Mr Bates-Smith said the only way he was able to get his businesses started was due to the support of business partner and landlord, FJM Property.

“With Asado we’ve been incredibly fortunate to have a supportive business partner (and landlord) that has been willing to persevere for more than a year and a half,” he said.

“Unless you’re working with a proactive local council, as well as a supportive landlord, the barrier to entry for a small bar in WA is extremely high.”

There is also a significant disparity between local governments in their processing of development applications for small bar venues; some are reported to have taken more than a year while others, like the City of Fremantle, have taken as little as two days.

Fremantle Mayor Brad Pettitt said the council had amended its planning policy to accommodate small bar development in Fremantle, but local operators were increasingly frustrated with the approval process at state level.

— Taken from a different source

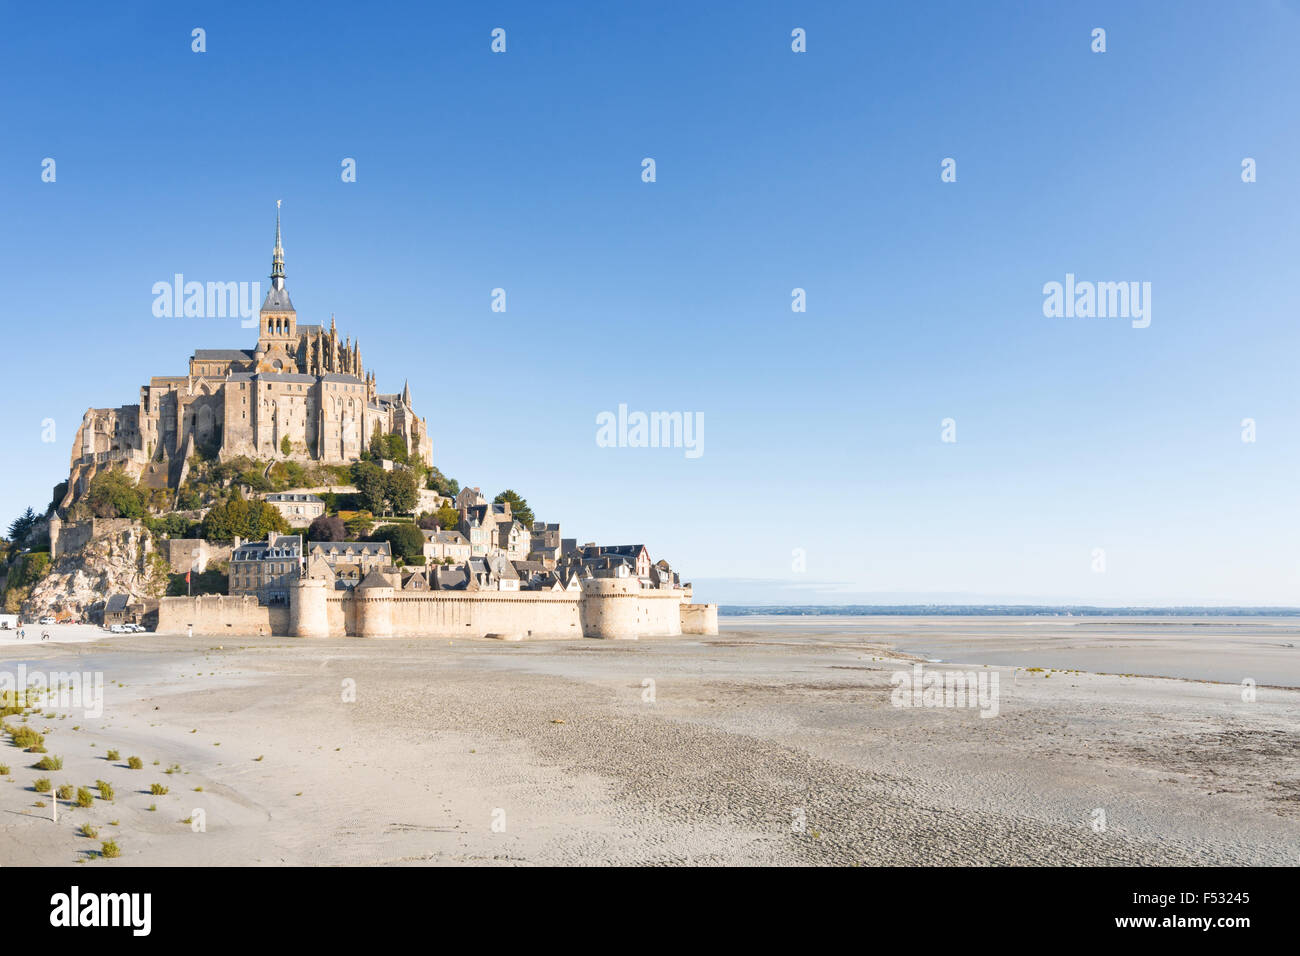 Le Mont Saint Michel, France, Normandy 2015 Stock Photo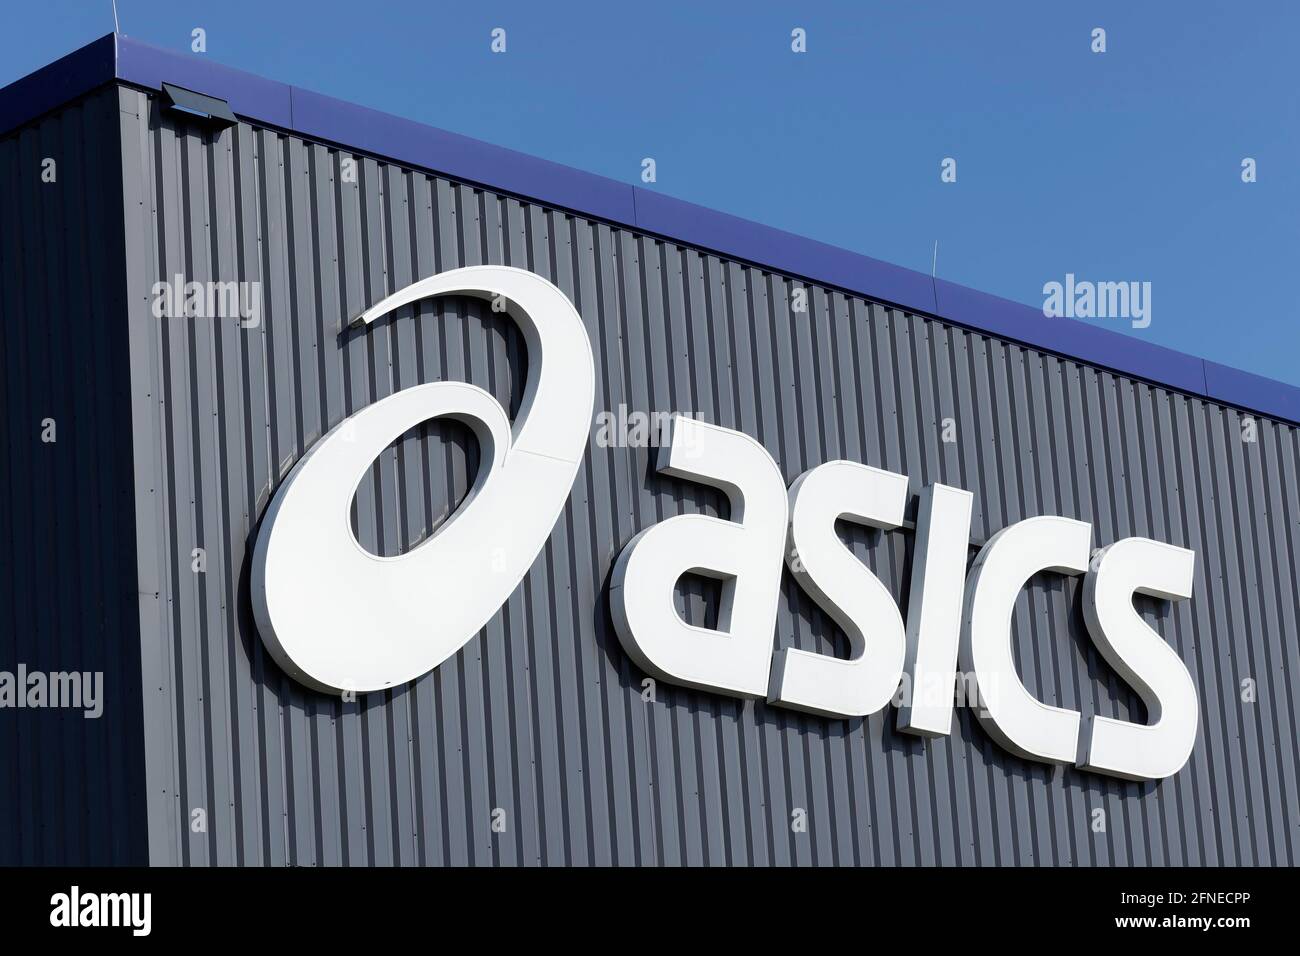 Logo Asics am deutschen Hauptsitz, japanische Sportschuh- und  Bekleidungsmarke, Krefeld, Nordrhein-Westfalen, Deutschland Stockfotografie  - Alamy

“The main concern from operators is that there is still too much expense and red tape at a state level that threatens to make many venues difficult to establish due to long waits for approvals and high costs of getting a licence,” he said.

“This is especially true when liquor consultants and lawyers need to get involved.”

The Department of Racing Gaming and Liquor said each application had to be determined with due diligence and efforts to streamline the process could not undermine the integrity of the application procedure.

“Furthermore, all applications are determined as quickly as departmental resources allow,” a department spokesperson said.

“To put this into perspective, it should be noted that during the 2013-14 financial year, the department issued more than 16,700 licences, transfers, permits, orders, notices and certificates.”


An independent review of WA’s liquor laws resulted in a slew of recommendations, including several focused on improving the application process.

Those recommendations suggested increasing the Department of Racing, Gaming and Liquor’s resources so it may be better able to respond to applications and establish an online process.

However, nine months after the review there has been no comment made by Racing and Gaming Minister Terry Waldron about what he intends to do with those recommendations.

“I understand there are concerns about [the timeframes] within the industry, and they are certainly being considered – alongside a range of other views – while I am working on the government’s response to the review,” Mr Waldron said. 

“This is progressing well, and I hope to have a response to take to cabinet in the near future.”

Ms Patterson said it wasn’t surprising there hadn’t been any progress, and was sceptical about any future reforms resulting in the reduction of red tape.

“My gut feeling is that we could potentially see more regulation before less,” she said.

“The statistics that the police produce of alcohol harm in the community are quite startling so I think that [could prompt] more regulation before less.

“The government has a lot of issues on its agenda and liquor reform doesn’t appear to be a priority.”